# Potential Buys.



## ChingazMyBoy (Apr 16, 2009)

Hey,

So yes, I am buying a horse. A few things have happened lately that have meant that Chinga will be put up for sale, as much as I love him. It is the right thing to do. So I was horse hunting this afternoon, I'm planning on eventing so here are a few horses I'd like you guys to let me know what you think of them all.

Frankie - Horses for sale, horse deals, horse floats, horse saddles, horse rugs, horse forums, horse news & articles - Frankie J - Eye Catching Stunner

Really like this boy, his young but not overly young I feel he could take me somewhere, I love his gaits, he looks to me as he has a smooth gait change.

------------

Horses for sale, horse deals, horse floats, horse saddles, horse rugs, horse forums, horse news & articles - Beginners Schoolmaster 

Really do like this boy as well, I feel I could go far on him.

------------

Horses for sale, horse deals, horse floats, horse saddles, horse rugs, horse forums, horse news & articles - C Grade Showjumper!

Obviously a very good jumper! But I wonder how he would go in a dressage test, but sounds like a pretty good horse to me.

---------

Horses for sale, horse deals, horse floats, horse saddles, horse rugs, horse forums, horse news & articles - 16.2hh 6yr Geld Amazingly Talented Eventer/SJ Dont Miss Out!!

Would make a good eventing horse I reckon


----------



## NittanyEquestrian (Mar 3, 2009)

I'f I'm not mistaken you're more of a lower intermediate rider right? (Correct me if I'm wrong, I might be mistaken). But I definitely think that Beau would be the best mount for you to learn on. After Chinga you need a confidence and skill builder. Razz sounds ideal but he might be a bit much for you as far as age, skills, etc. Plus he's been out of work and will need reconditioned and reschooled. Either one would be better suited to eventing but I highly recommend going with the tried and true schoolmaster for a confidence builder than the young, possibly very talented choice. But that's the instructor in me coming out. It is ultimately your decision.


----------



## ChingazMyBoy (Apr 16, 2009)

I don't feel mentally or pysacally phased by the bad experiances with Chinga, I ride the advanced lesson at my riding school, I'd say as a "level" I'd do well with all these horses. Selling my baby is the hard part.


----------



## Kayty (Sep 8, 2009)

From looking at all the photo's and questions you have put up, from an internet viewers perspective, you are not a very advanced rider. You may be confident, but confidence does not = skill to train a young horse or get a horse 'to the top'. At this stage, if I were you I would be looking at a nice schoolmaster that has done it all, that you can learn and have fun on without worrying about all the hassles of a young/green horse. They may be advertised as quiet, but you have to take into account that the rider may be a very confident, capable rider who knows what they're doing with these horses. 

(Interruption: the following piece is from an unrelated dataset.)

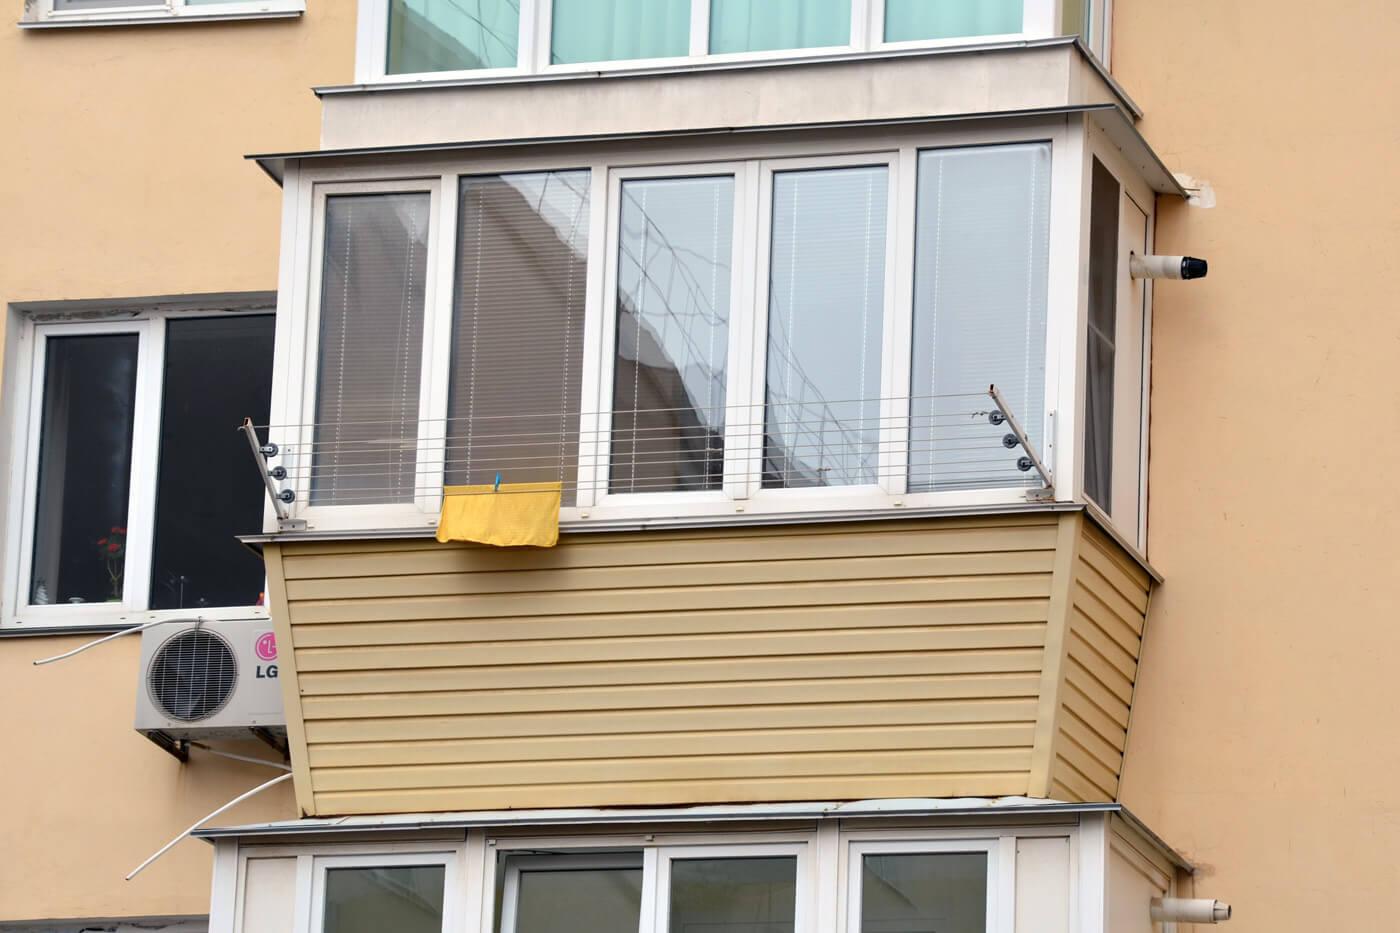 Балконы под ключ в севастополе: остекление, отделка, ремонт .

You can buy the best dressage horse in the world and if you don't have the skill and knowledge, you won't even get it to trot. 

Hence, I really do think that the second horse, the older schoolmaster would be the best option for you. Don't just jump on a horse because it's pretty and the owner says it's talented and can jump. You need a horse that you can learn on because by the looks you're not yet ready to be teaching a horse more than the very very basics. 

Post is in no way meaning to offend, simply to provoke you to think about your capabilities in an hounest fashion, your CURRENT capabilities not where you want to be.


----------



## wild_spot (Jan 30, 2008)

Honestly, advanced in a riding school equates to an advanced beginner in the real world.

Beau all the way - Before I even looked I was going to suggest an older schoolmaster. You are confident, which is great, but you are only begginning to learn eventing, you should not have a horse who has to learn at the same time. At any one time, only ONE part of the pair should be learning something new :]


----------



## ChingazMyBoy (Apr 16, 2009)

I just rung to find out about Beau, and he's already sold


----------



## Kayty (Sep 8, 2009)

Thats ok, you've only just started looking. I waited 16 months to find a new horse! There's plenty out there, you need to have a look through classifieds and see what might possibly suit you, go and ride it an even if it's not the horse for you, you'll get more of an idea of what you're really looking for as you go on.


----------



## ChingazMyBoy (Apr 16, 2009)

I want to keep my baby, but I know its wrong to keep him. But I want a horse thats right for me, Chinga's right for me. But he's not right for me...


----------



## Kayty (Sep 8, 2009)

we all want to keep them, but if the horse isn't suitable for your ability, it's not fair on you OR the horse, you end up frustrated and horse ends up confused. it's not a good combination. Chinga will settle happily into his new home, and you'll find yourself a horse that you will love just as much, believe it or not. I've gone through plenty of horses and it never gets easier to let go of them, but then the next one comes along and you love it just as much and have so many great times with it


----------



## ChingazMyBoy (Apr 16, 2009)

Thanks Kayty, mum doesn't want to sell him and I don't think she understands the whole "rearing, ect" thing. Dads on my side though  .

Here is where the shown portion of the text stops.